Question

consider the figure, where line segment mn is parallel to line segment pq. which statement must be true? o since m∠1 + m∠2 + m∠3 = 180, m∠1 = m∠4, and m∠3 = m∠5, we can prove that m∠4 + m∠2 + m∠5 = 180. o since m∠1 + m∠2 + m∠3 = 180, m∠1 = m∠5, and m∠3 = m∠4, we can prove that m∠5 + m∠2 + m∠4 = 180. o since m∠1 + m∠2 + m∠3 = 360, m∠1 = m∠4, and m∠3 = m∠5, we can prove that m∠5 + m∠2 + m∠4 = 180. o since m∠1 + m∠2 + m∠3 = 360, m∠1 = m∠5, and m∠3 = m∠4, we can prove that m∠4 + m∠2 + m∠5 = 360.

Explanation:

Step1: Recall angle - sum property of a triangle

The sum of the interior angles of a triangle is 180 degrees. In \(\triangle MNP\), \(m\angle1 + m\angle2 + m\angle3=180\).

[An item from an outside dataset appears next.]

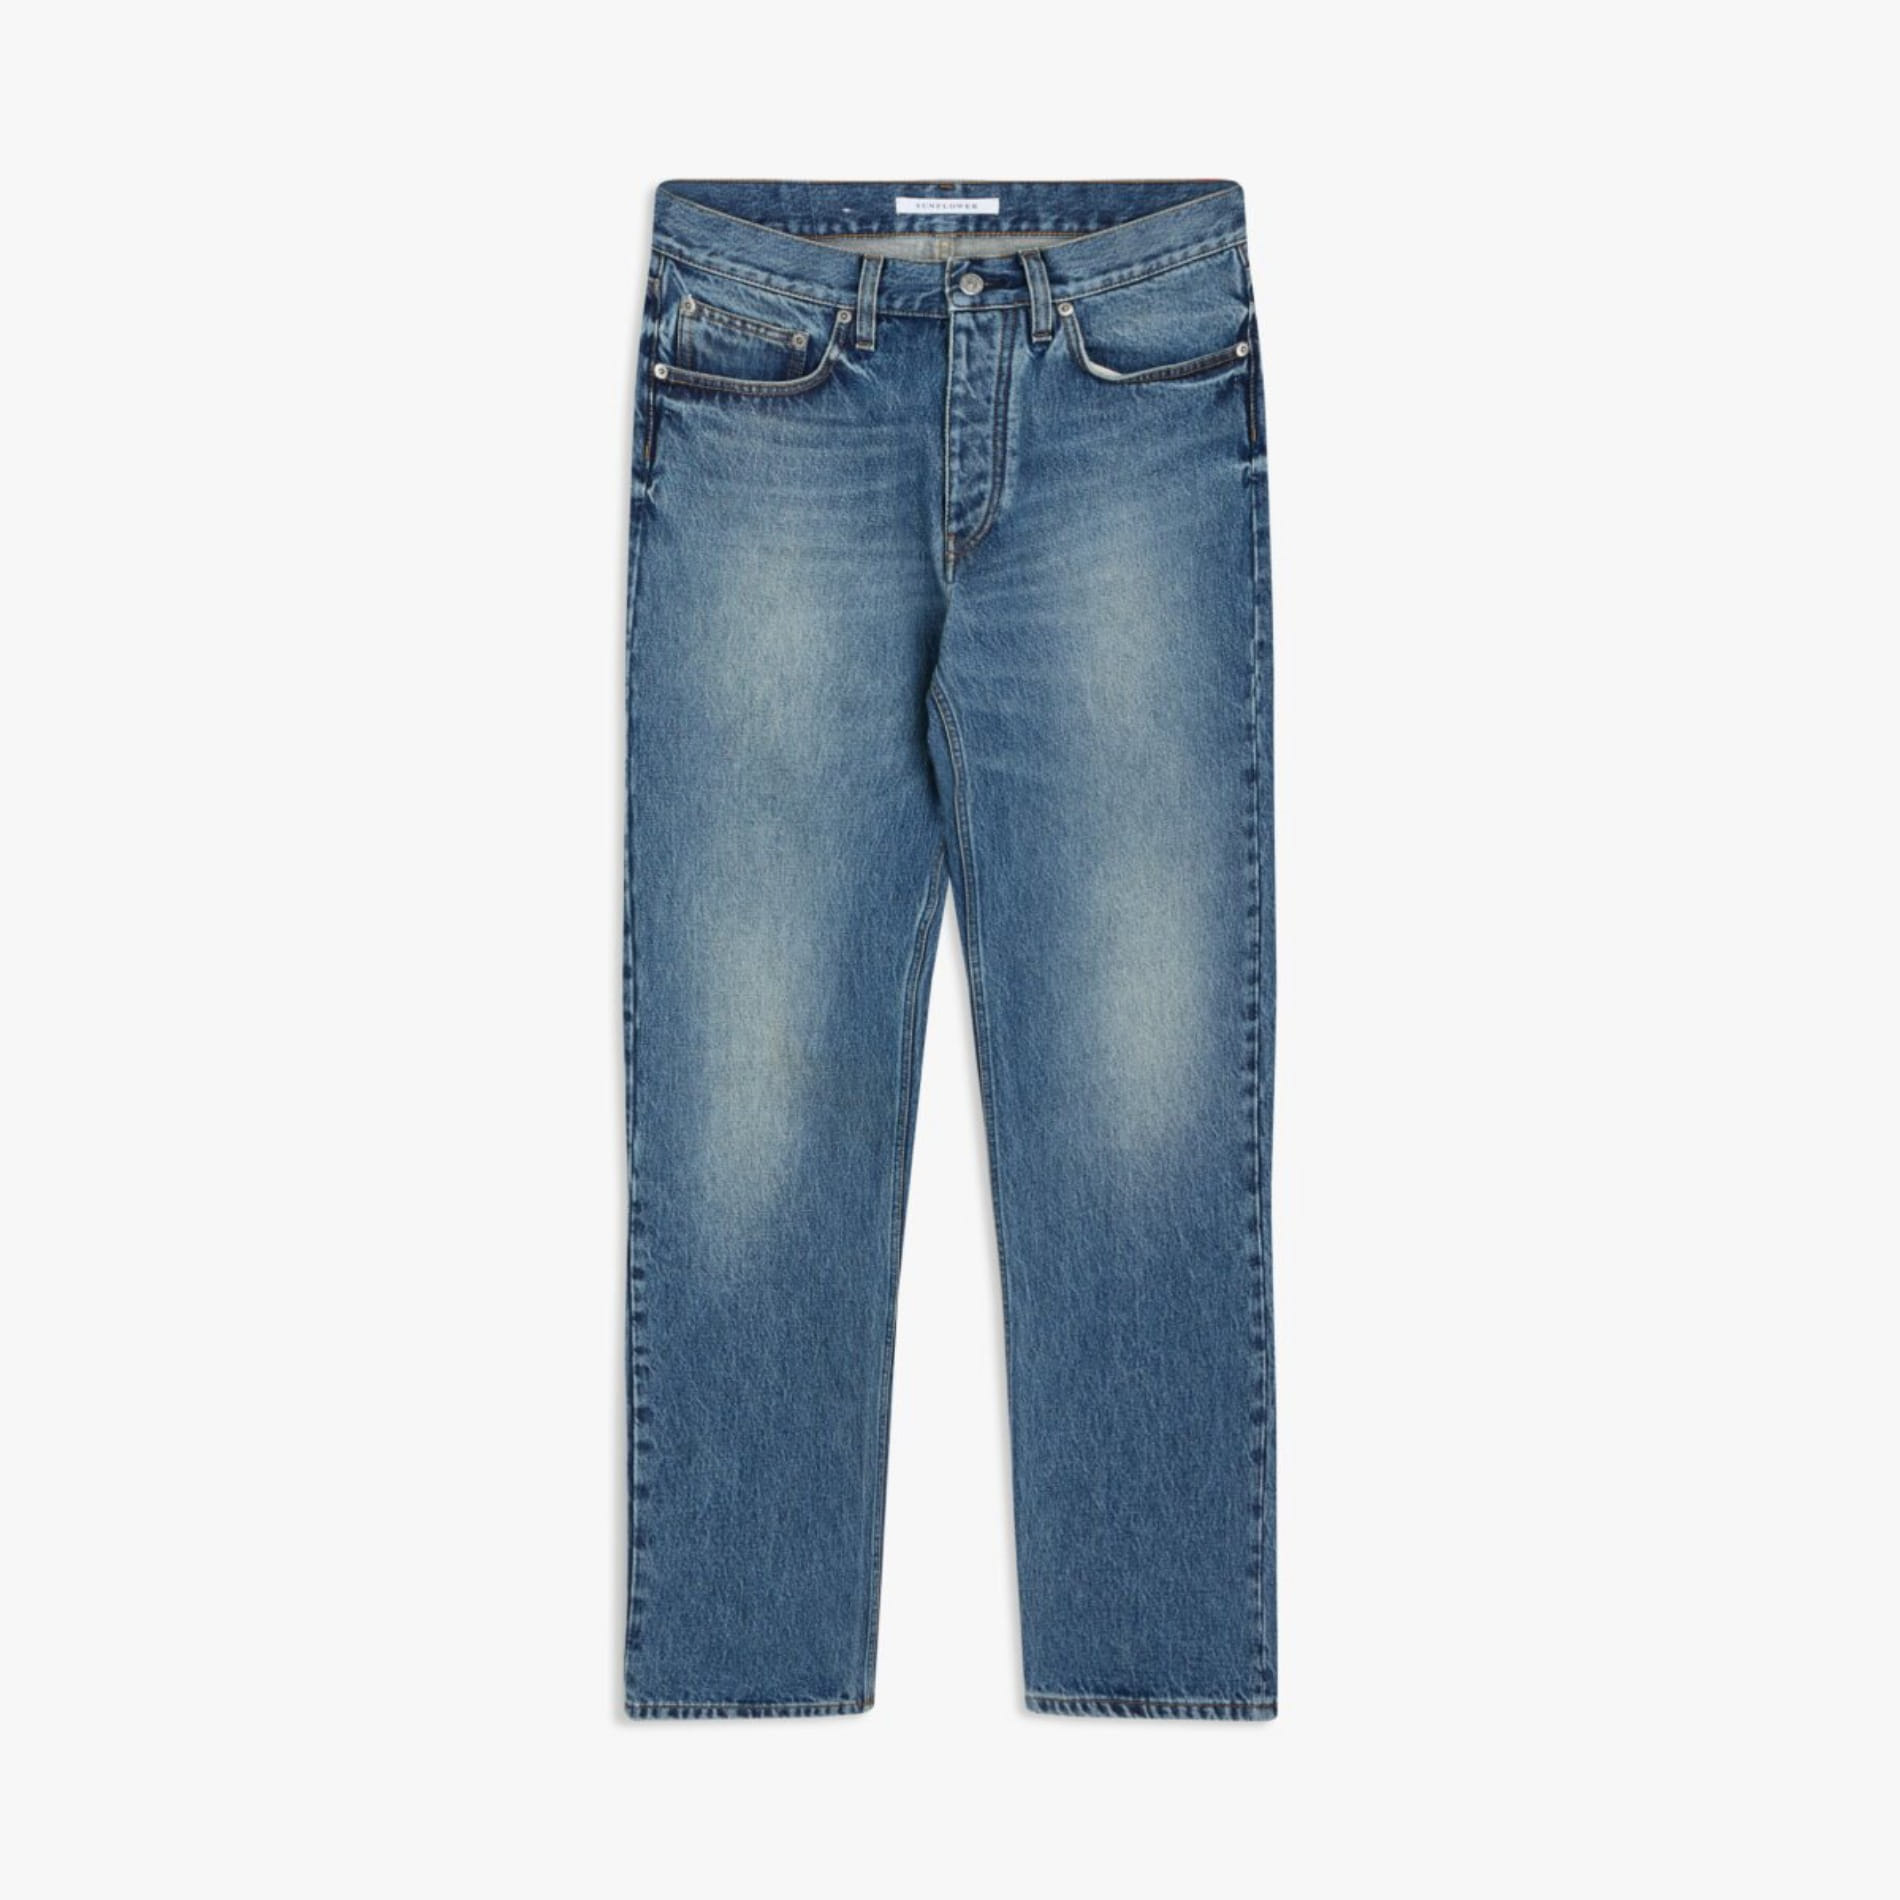 AW22 SUNFLOWER 5038 STANDARD JEANS WASHED BLUE
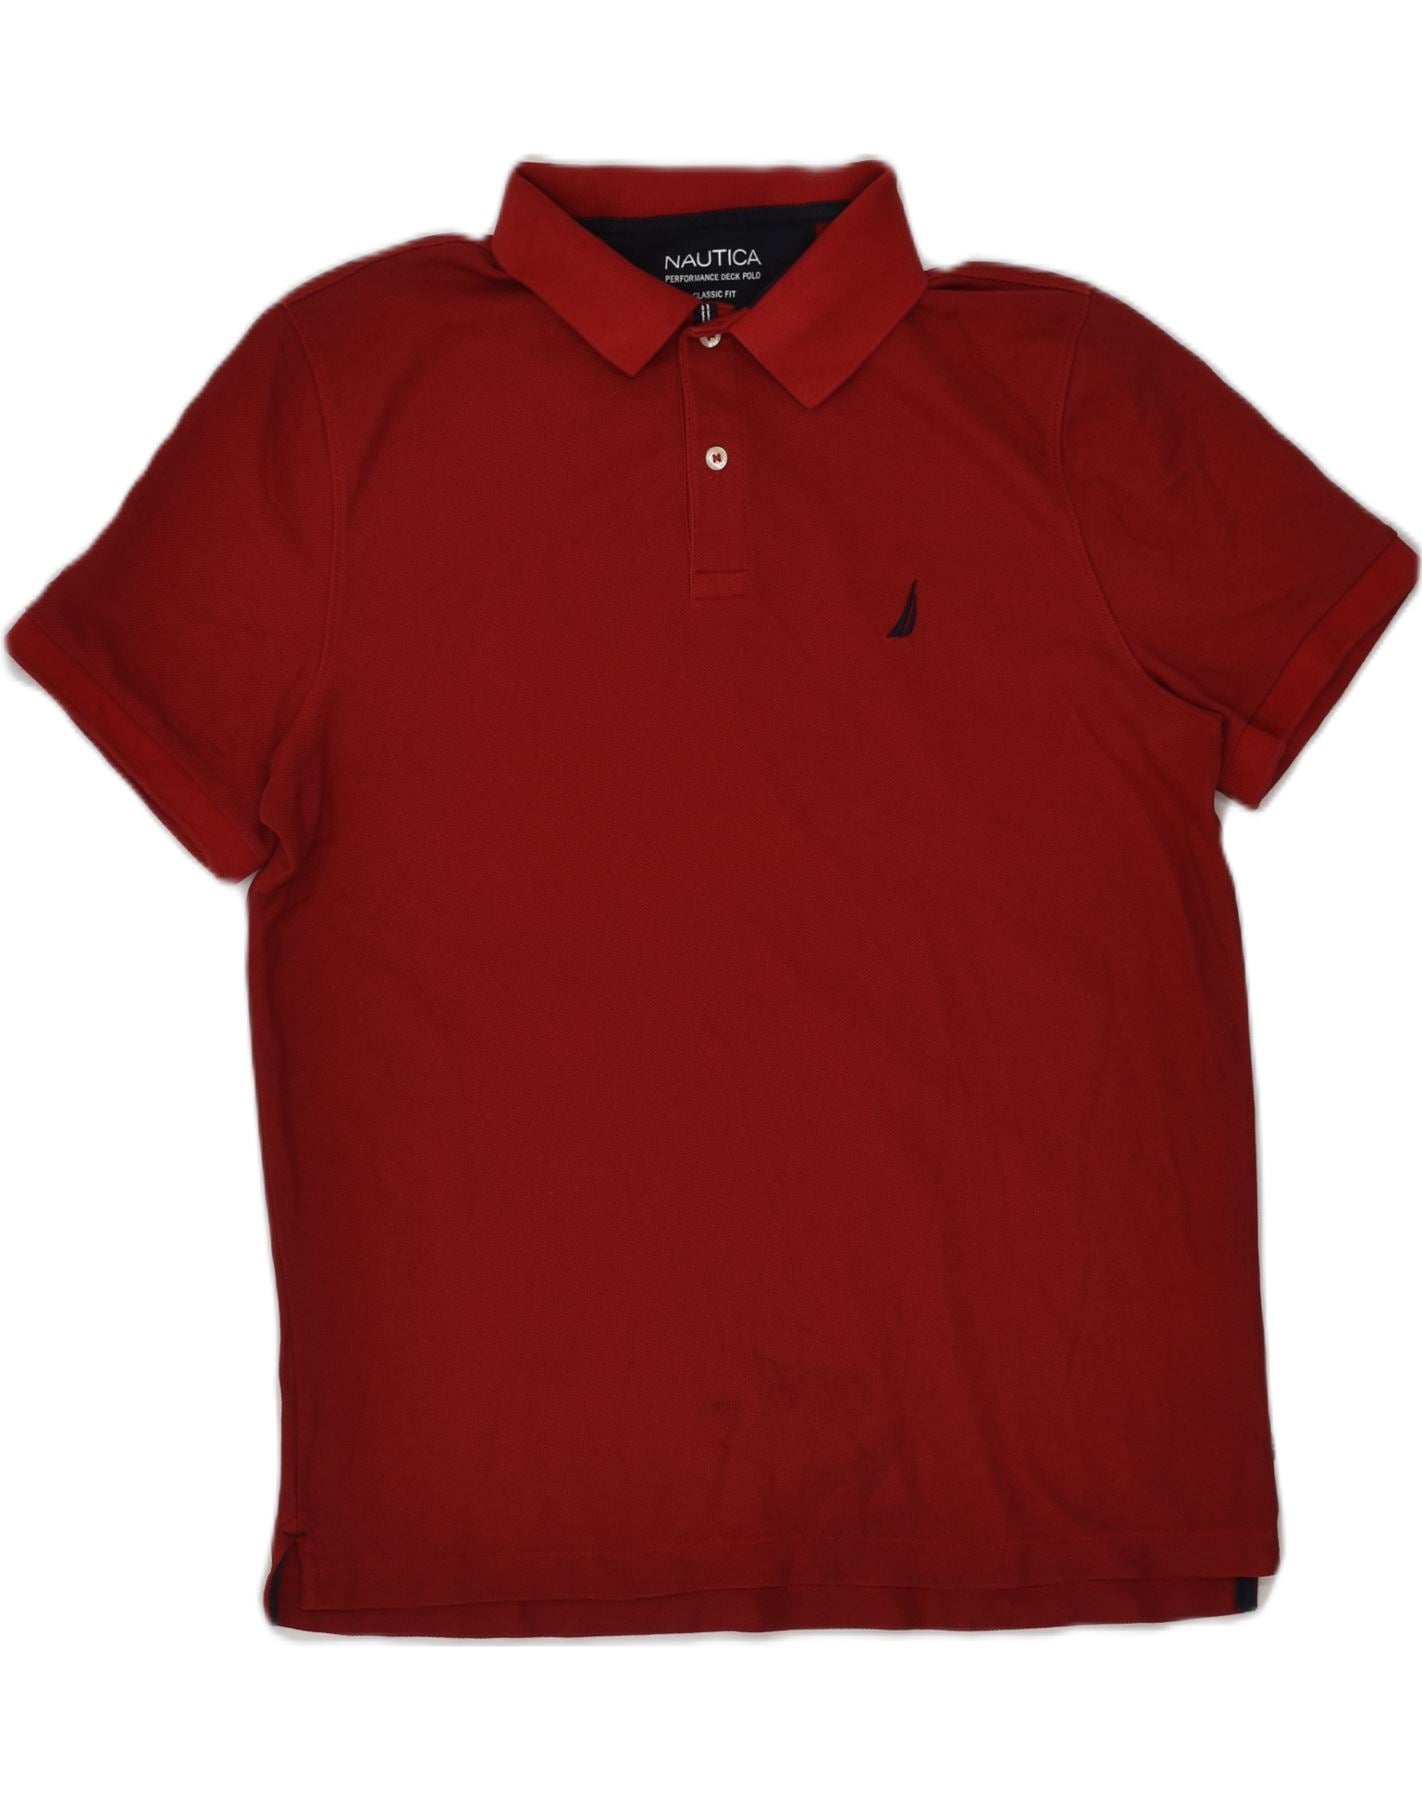 NAUTICA Mens Classic Fit Polo Shirt Large Maroon Cotton

Step2: Use the property of parallel lines

Since \(MN\parallel PQ\), we have alternate - interior angles equal. That is, \(\angle1\) and \(\angle4\) are alternate - interior angles, so \(m\angle1 = m\angle4\), and \(\angle3\) and \(\angle5\) are alternate - interior angles, so \(m\angle3 = m\angle5\).

Step3: Substitute the equal angles

Substitute \(m\angle1\) with \(m\angle4\) and \(m\angle3\) with \(m\angle5\) in the equation \(m\angle1 + m\angle2 + m\angle3 = 180\). We get \(m\angle4 + m\angle2 + m\angle5=180\).

Answer:

Since \(m\angle1 + m\angle2 + m\angle3 = 180\), \(m\angle1 = m\angle4\), and \(m\angle3 = m\angle5\), we can prove that \(m\angle4 + m\angle2 + m\angle5 = 180\).